Step-by-Step: Placing a Limit Order
- Select Buy or Sell: Decide if you’re entering or exiting a trade and head over to your broker platform.
- Choose Limit Order Type: Make sure to select “limit” as your order type rather than “market.”
- Set Your Price: Enter your chosen buy or sell price. Be realistic, it has to match what the market could hit, not just some wild hope.
- Quantity Matters: Input how many shares you want to purchase or sell.
- Set Expiration: Choose how long your order stays active, just for the day or until it’s cancelled (sometimes called “GTC” or Good ‘Til Cancelled).
- Review and Submit: Double-check everything before submitting. Mistakes here are harder to fix after the fact!
What If You Get “Partially-Filled”?
Limits don’t always get filled, and that’s one big tradeoff. Sometimes the price just never touches your limit before moving in the opposite direction. In vibrant markets, the price might hit your limit price, but you could only get part of your order filled, leaving you “partially filled.”
If there aren’t enough shares available at your limit price, only part of your order can fill. If you wanted 100 shares but only 50 were available at your price, you’ll only get filled for those 50 unless more shares pop up at your limit.

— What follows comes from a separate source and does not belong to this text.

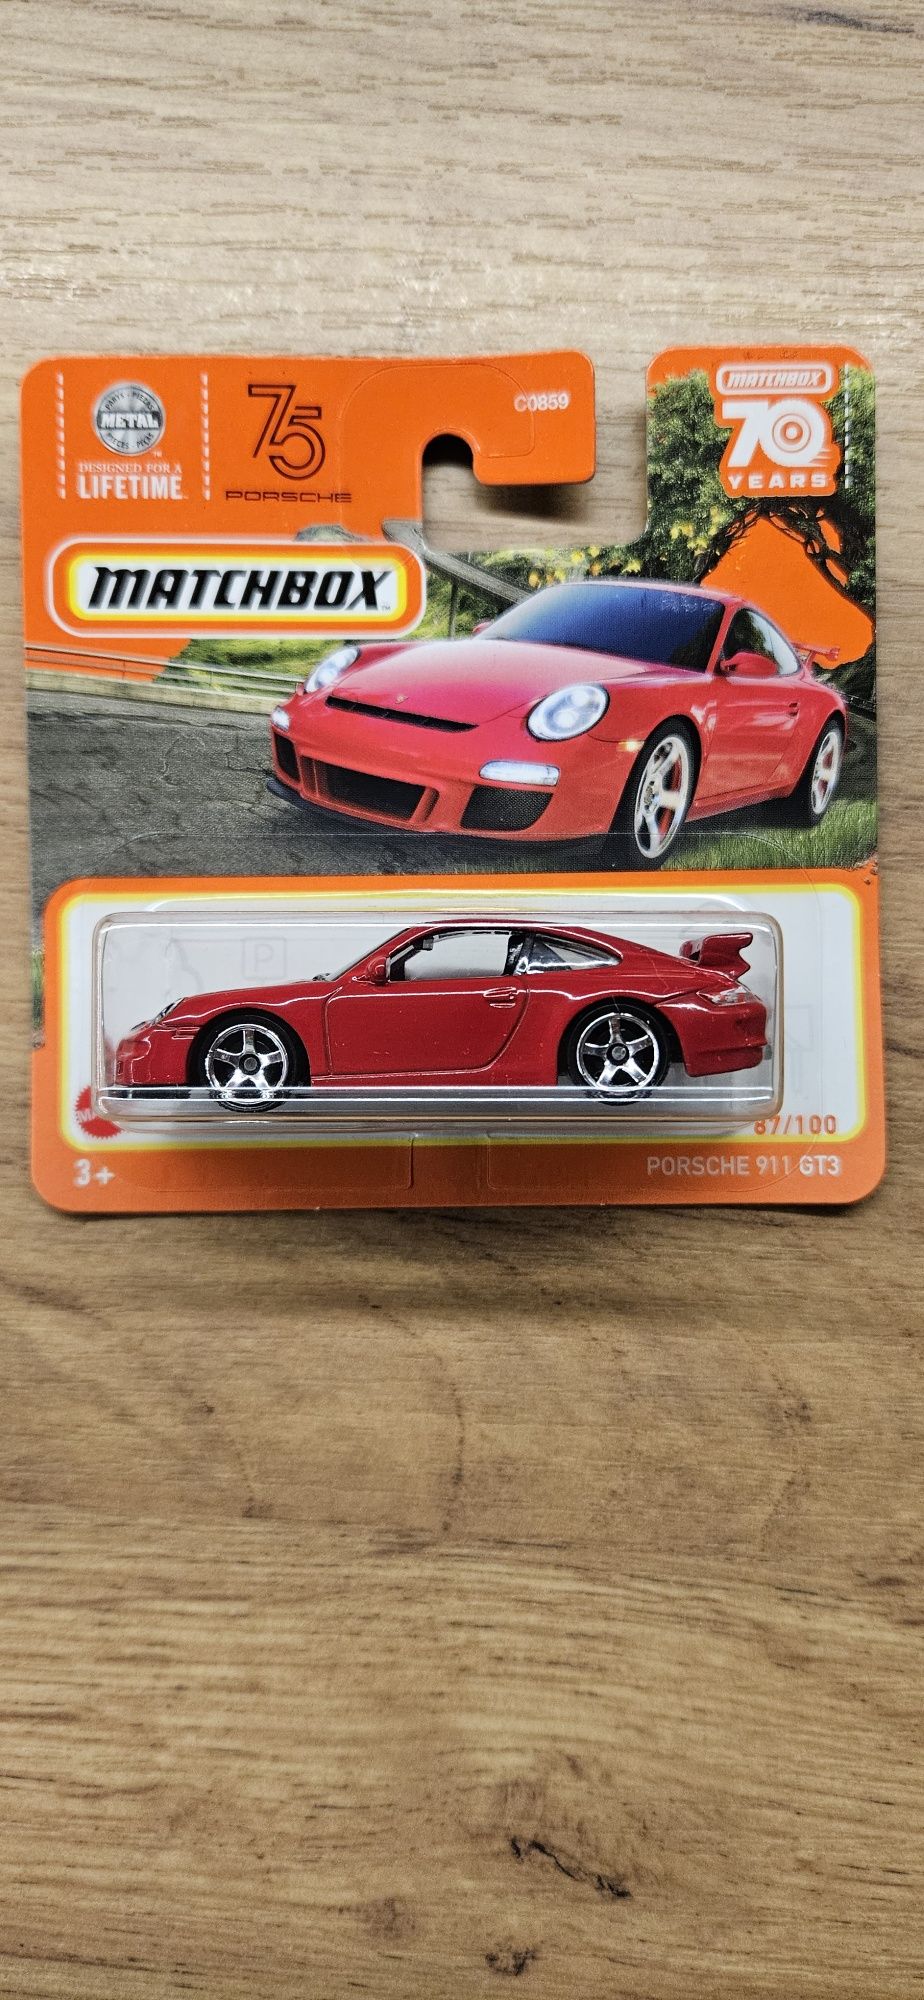 Matchbox VW Golf GTI MK1 + Porsche 911 GT3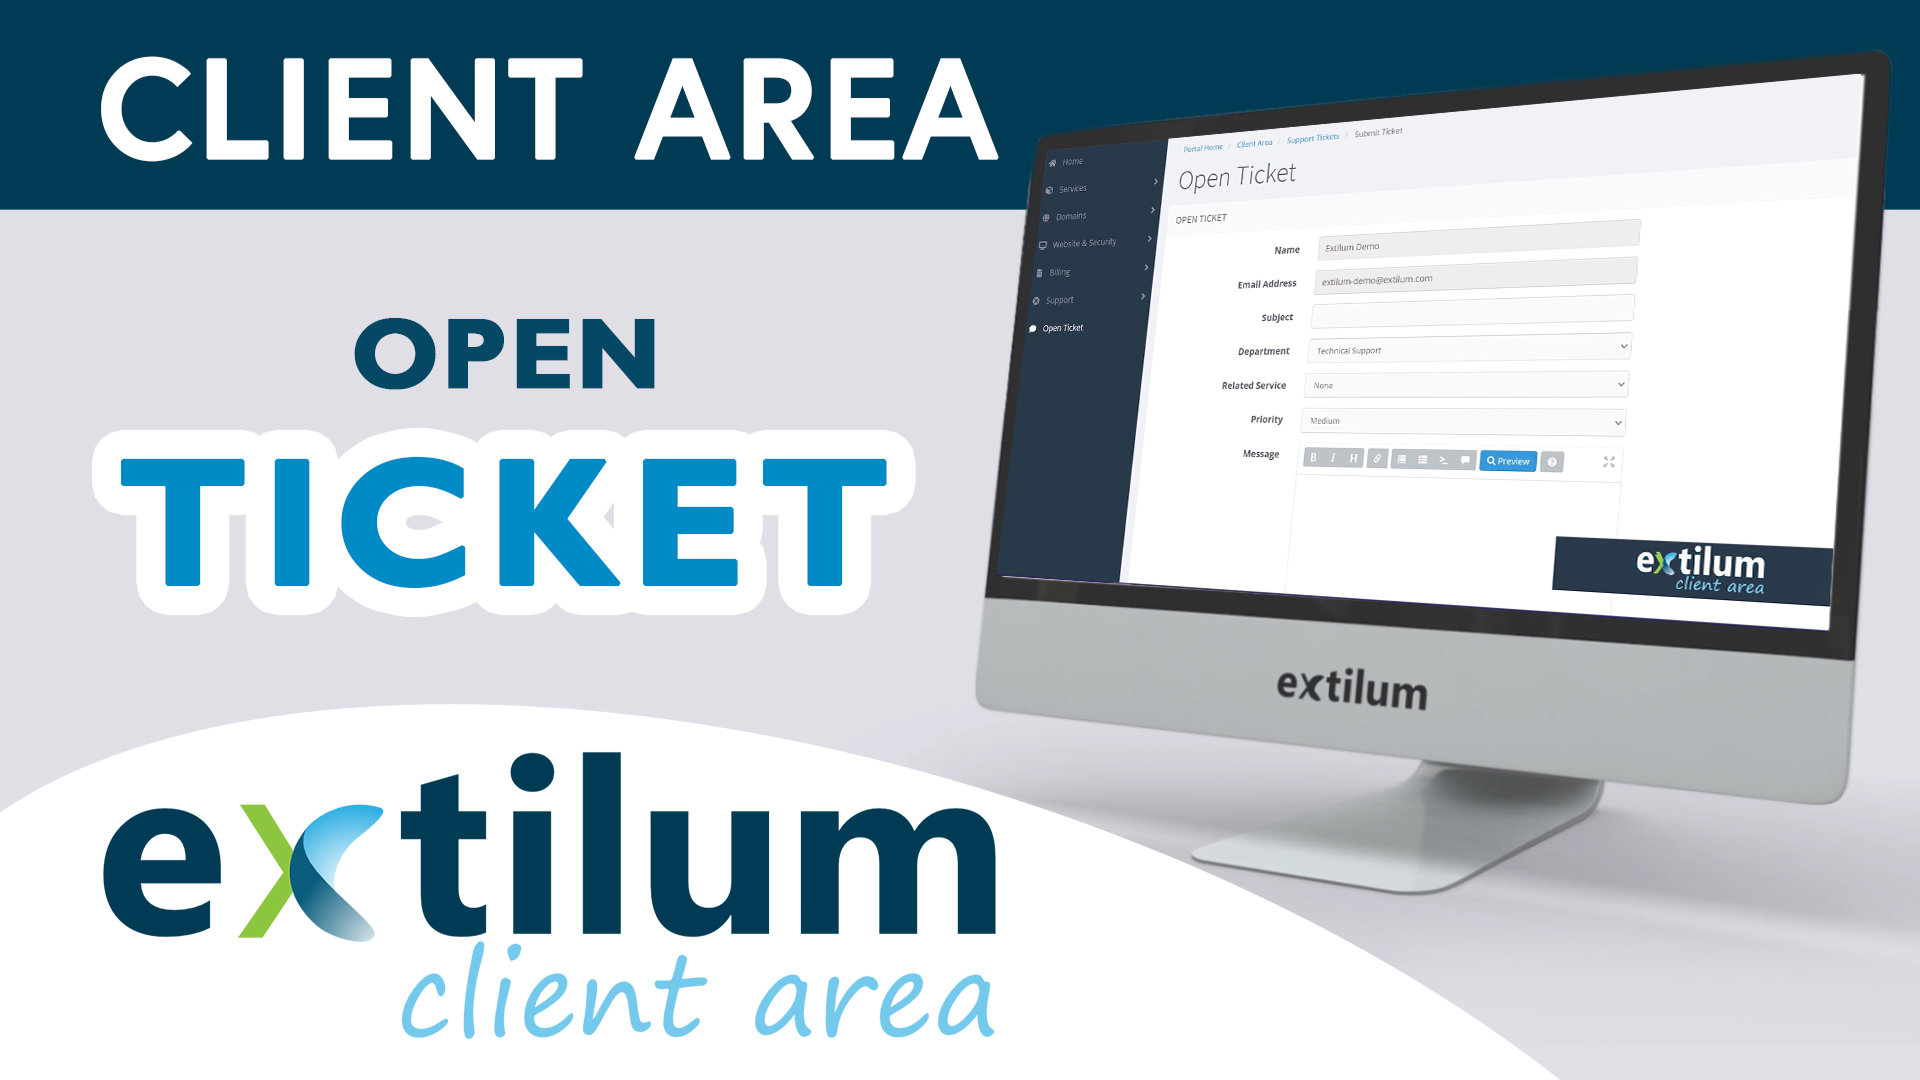 Extilum Client Area - Open Ticket

I deal with this by placing realistic limit orders close to the current price. If it still “partials” me, I have the option of increasing my bid to get the rest or just cancelling it and forgetting about the rest.
Final Thoughts
I reach for a limit order almost every time. The few extra seconds it takes to set a price is worth it — especially when the market decides to get wonky right after you hit submit. Being aware of liquidity, keeping an eye on the bid-ask spread, and sticking to realistic price expectations make limit orders a useful tool in your trader pack.